Optimizing Software Defect Prediction: A Genetic Algorithm Based Comparative Analysis
Keywords:
Software defect prediction, software metrics, machine learning, classificationAbstract
Software quality assurance is a crucial activity during the initial stages of the software
development life cycle. Over the past two decades, various frameworks have been developed to
ensure software quality. By predicting defective modules at the initial stages, the resources
available for software development can be efficiently used to ensure timely delivery of good-
quality software. Numerous software defect prediction models have been proposed and developed
using supervised and unsupervised machine learning methodologies, along with the integration of
statistical methodologies. Software metrics contain hidden patterns that can be extracted and
utilized to identify defective modules using a machine learning approach.
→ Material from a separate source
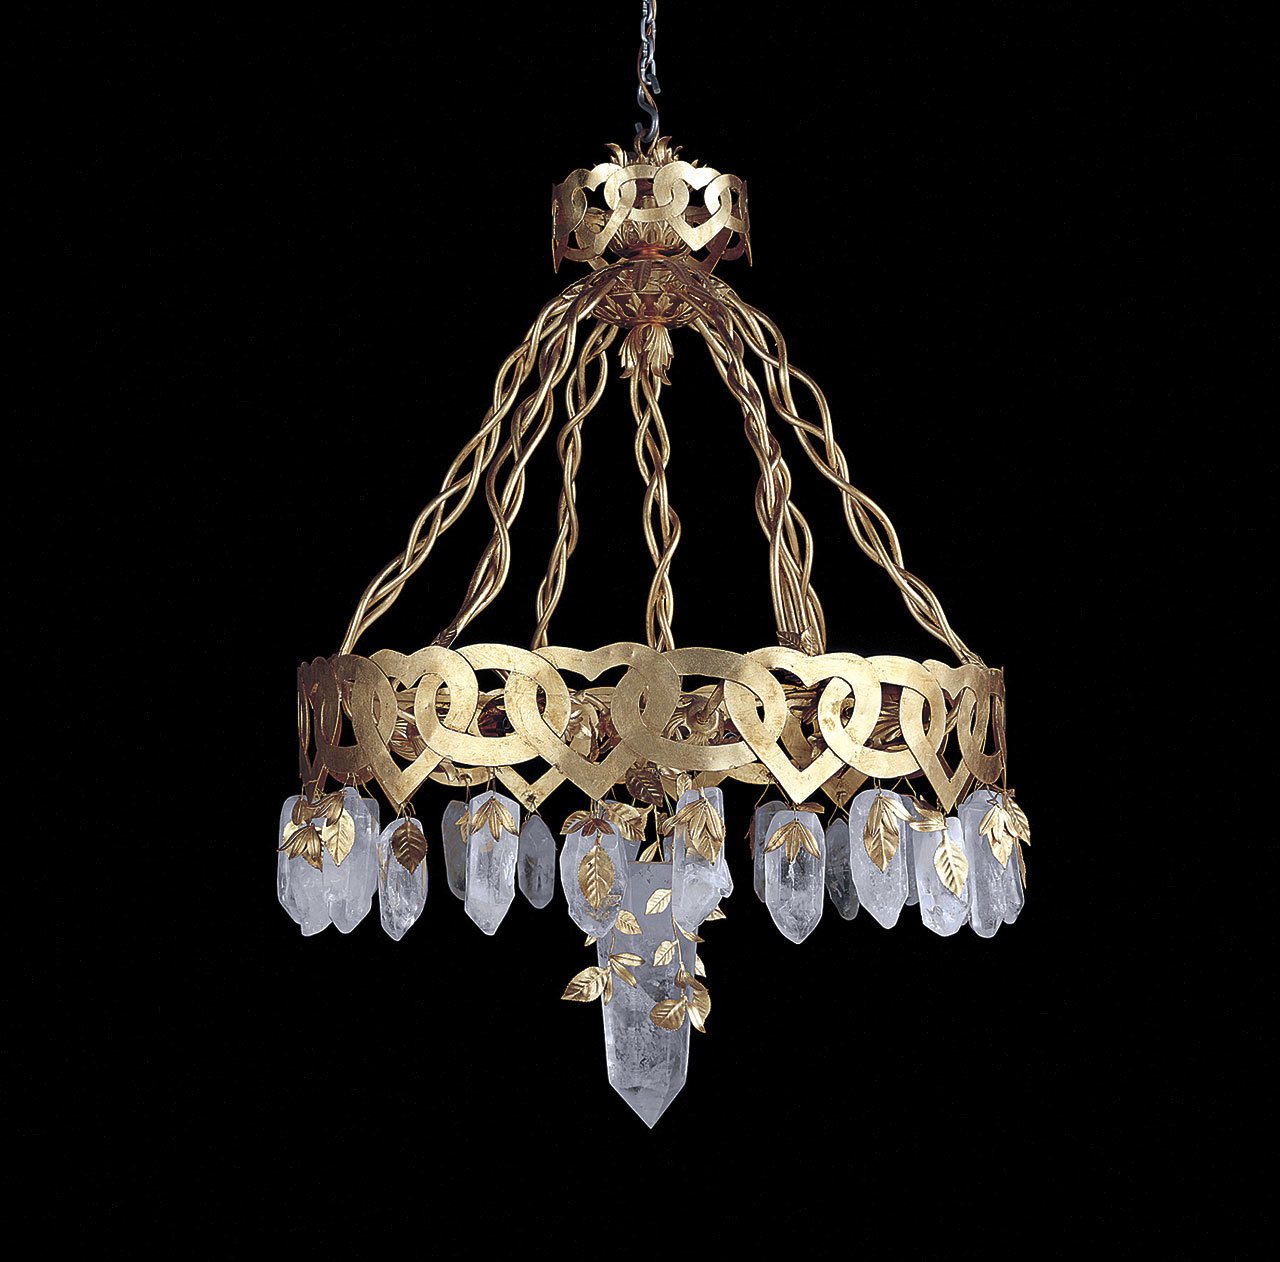 Famous Coco Chanel chandelier a high value item

This study applies a
genetic algorithm (GA) to select relevant features that play a vital role in predicting defective
modules, and explores supervised classification techniques by incorporating seven widely used
NASA datasets. The three most used classification techniques, namely decision tree, support
vector machine, and naïve Bayes, were selected for the analysis. Precision, accuracy, recall,
Matthew’s correlation coefficient, F-measure, and receiver operating characteristic were selected
as the performance parameters. The results of this study can serve as a baseline for comparing and
verifying the results of new models that implement GA for optimal feature selection.